**Task statement**
Pick out each line of the records that includes the string "avec", and copy it.

**Data records**
------
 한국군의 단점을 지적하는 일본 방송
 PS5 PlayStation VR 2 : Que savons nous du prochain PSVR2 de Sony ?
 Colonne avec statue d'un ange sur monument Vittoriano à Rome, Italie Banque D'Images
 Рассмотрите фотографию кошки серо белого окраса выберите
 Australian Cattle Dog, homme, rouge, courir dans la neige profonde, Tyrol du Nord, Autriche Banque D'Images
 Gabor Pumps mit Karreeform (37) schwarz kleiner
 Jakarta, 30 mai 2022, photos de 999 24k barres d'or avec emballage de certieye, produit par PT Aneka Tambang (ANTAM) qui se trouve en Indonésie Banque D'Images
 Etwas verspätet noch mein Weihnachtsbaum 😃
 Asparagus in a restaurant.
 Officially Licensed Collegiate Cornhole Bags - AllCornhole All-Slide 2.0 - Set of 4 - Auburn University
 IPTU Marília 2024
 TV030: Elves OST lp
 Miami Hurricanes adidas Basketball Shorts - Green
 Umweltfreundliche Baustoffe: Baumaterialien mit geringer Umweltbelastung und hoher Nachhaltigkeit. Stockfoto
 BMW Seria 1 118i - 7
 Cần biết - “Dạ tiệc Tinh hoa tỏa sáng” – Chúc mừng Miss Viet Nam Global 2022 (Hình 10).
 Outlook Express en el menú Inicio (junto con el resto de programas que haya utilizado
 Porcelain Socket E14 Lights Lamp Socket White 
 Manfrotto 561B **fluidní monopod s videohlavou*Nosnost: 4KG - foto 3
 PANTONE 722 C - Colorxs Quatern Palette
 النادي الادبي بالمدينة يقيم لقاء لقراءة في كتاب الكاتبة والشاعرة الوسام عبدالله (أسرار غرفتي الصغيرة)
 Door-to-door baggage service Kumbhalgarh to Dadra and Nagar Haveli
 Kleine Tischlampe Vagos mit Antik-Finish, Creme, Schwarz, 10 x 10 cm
------
**Reply**
 Colonne avec statue d'un ange sur monument Vittoriano à Rome, Italie Banque D'Images
 Jakarta, 30 mai 2022, photos de 999 24k barres d'or avec emballage de certieye, produit par PT Aneka Tambang (ANTAM) qui se trouve en Indonésie Banque D'Images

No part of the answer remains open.